This repository contains data files, stimulus materials, and scripts associated with the following psycholinguistic study.
Barr, D. J., & Seyfeddinipur, M. (2010). The role of fillers in listener attributions for speaker disfluency. Language and Cognitive Processes, 25, 441–455.
data_raw/
: raw data files in CSV formatstimuli/
: stimulus files (Windows BMP image files and WAV audio files)
This section provides R code for importing the raw data files as well as descriptions of the fields within each resulting table. To use the code, load the tidyverse package for R.
library("tidyverse")
Contains the coordinates for the two screen regions (areas of interest, or AOIs) where pictures were displayed. Each picture was a 400x400 bitmap image, displayed on a computer screen with a 1024x768 resolution.
aoi <- read_csv(file.path("data_raw", "areas_of_interest.csv"),
col_types = "ciiii")
field | description |
---|---|
AOI | name of area of interest (left or right) |
x1 | upper left X coordinate of image in pixels |
y1 | upper left Y coordinate of image in pixels |
x2 | bottom right X coordinate of image in pixels |
y2 | bottom right Y coordinate of image in pixels |
Information about what images go with which blocks. Each block had three images, labelled A, B, C in the manuscript (see Barr & Seyfeddinipur, 2010, pp. 445–446).
block_images <- read_csv(file.path("data_raw", "block_images.csv"),
col_types = "iic")
field | description |
---|---|
block | unique integer identifying blocks |
image | bitmap image number (e.g., 52 = 52.bmp) |
imgrole | role the image plays (A, B, C) |
There were four versions of the stimulus materials created for counterbalancing purposes.

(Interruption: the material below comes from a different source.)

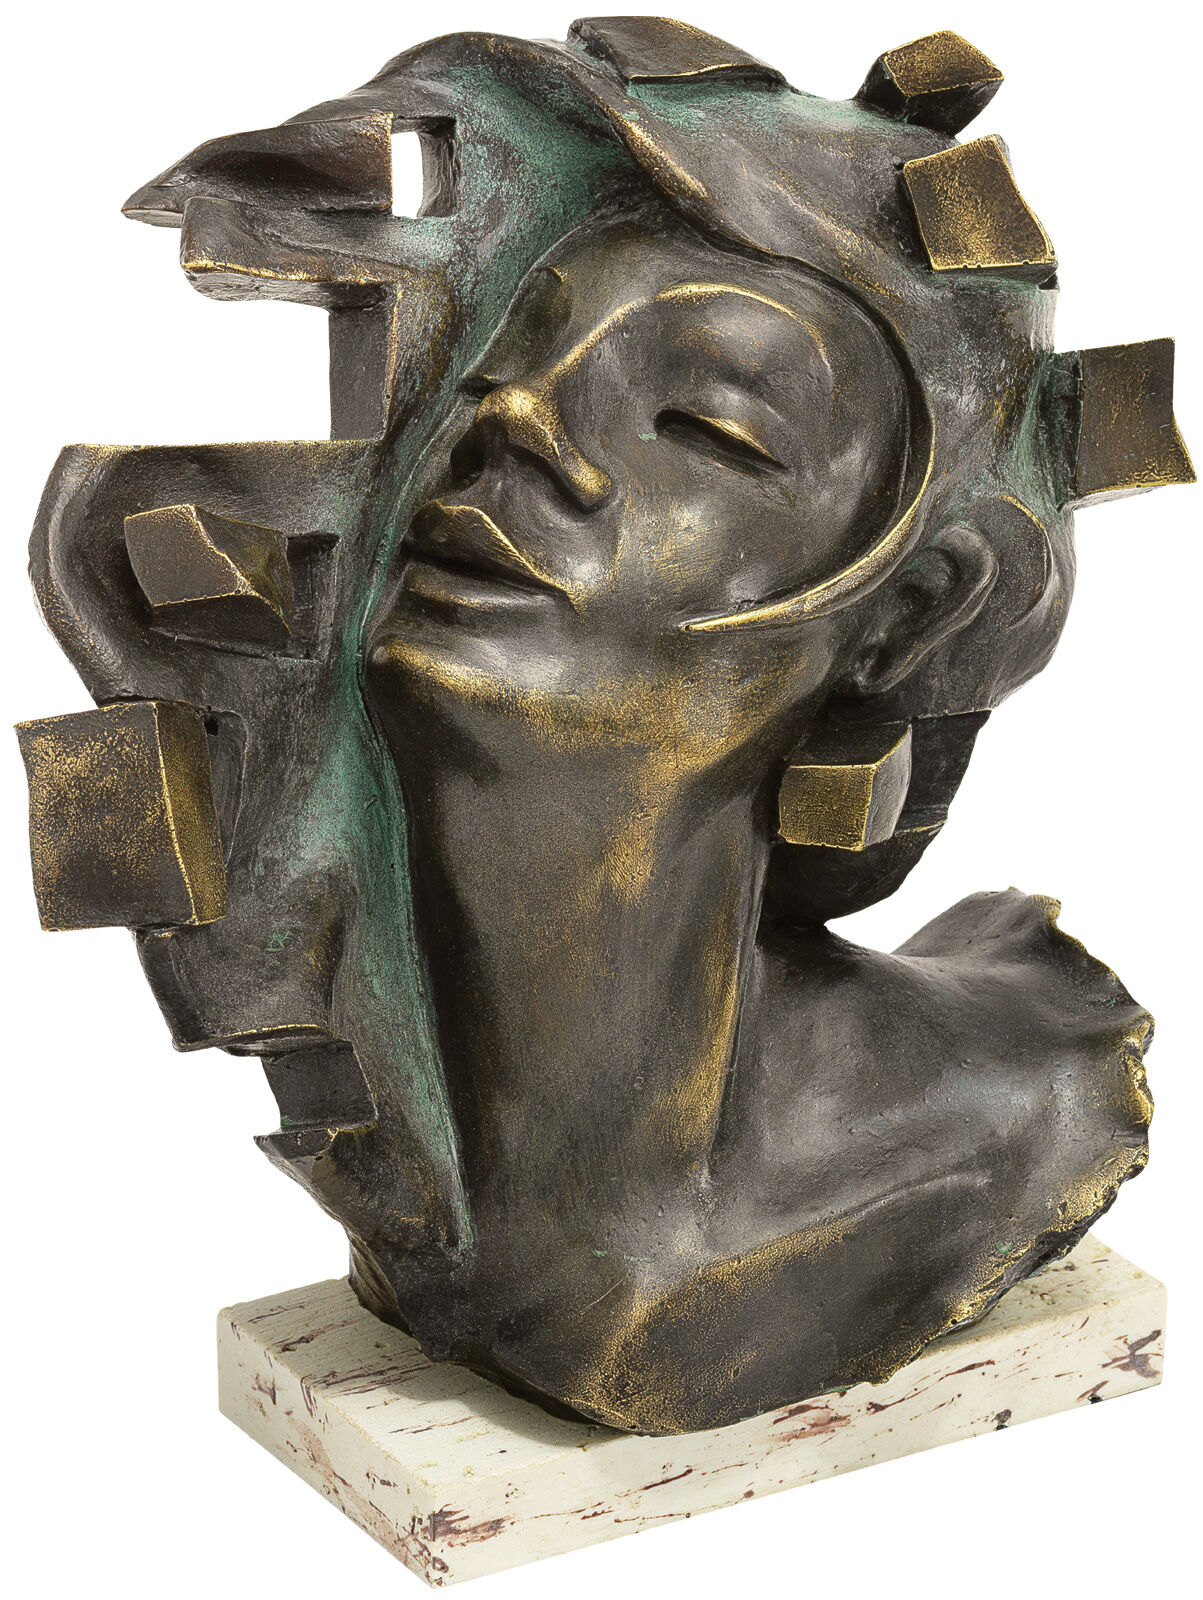 Sculpture "Le Souffle", bronzed artificial marble by Andreas Gomez

This file has information about what condition each block was presented in across the four versions.
blocks <- read_csv(file.path("data_raw", "blocks.csv"),
col_types = "iicccccc")
field | description |
---|---|
vers | which version of the stimuli (1-4) |
block | unique integer identifying blocks |
blocktype | whether the block was critical or noncritical |
trainspkr | who the speaker was during training |
testspkr | who the speaker was at test |
spkr | what speaker condition the block was in (same, diff) |
pause | what pause condition the block was in (filled, baseline) |
soundfile | soundfile that played at test |
Trial-by-trial information about training and test trials for each block and each version of the stimulus materials.

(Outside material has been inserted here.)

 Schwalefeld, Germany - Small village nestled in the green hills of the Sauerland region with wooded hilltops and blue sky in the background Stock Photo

versions <- read_csv(file.path("data_raw", "versions.csv"),
col_types = "iiiiiicci")
field | description |
---|---|
vers | which version of stimulus materials (1, 2, 3, or 4) |
block | unique integer identifying each block |
blocktrial | integer identifying presentation order within the block |
left | image number in the left area of interest (e.g., 32 means 32.BMP) |
right | image number in the right area of interest |
target | position of the target (0 = left, 1 = right) |
soundfile | name of the wave file (e.g., 4 = 4.wav, 6umE = 6umE.wav) |
who | identify of the speaker |
showspeaker | display speaker identity before trial (0 = no, 1 = yes) |
Information about each subject in the experiment.
subjects <- read_csv(file.path("data_raw", "subjects.csv"),
col_types = "ici")
field | description |
---|---|
SubjID | unique integer identifying each subject |
Gender | gender of the subject |
vers | which version of the materials the subject received |
Information about each trial in the experiment.
trials <- read_csv(file.path("data_raw", "trials.csv"),
col_types = "iiiiiii")
field | description |
---|---|
TrialID | integer uniquely identifying each collected trial |
SubjID | integer uniquely identifying each subject |
block | block number |
btrial | trial number within the block |
tord | trial order |
RT | response time in ms (from start of audio playback) |
Selection | which image was selected (0 = left, 1 = right) |
Information about the position of the mouse cursor on each trial on a display with 1024x768 resolution.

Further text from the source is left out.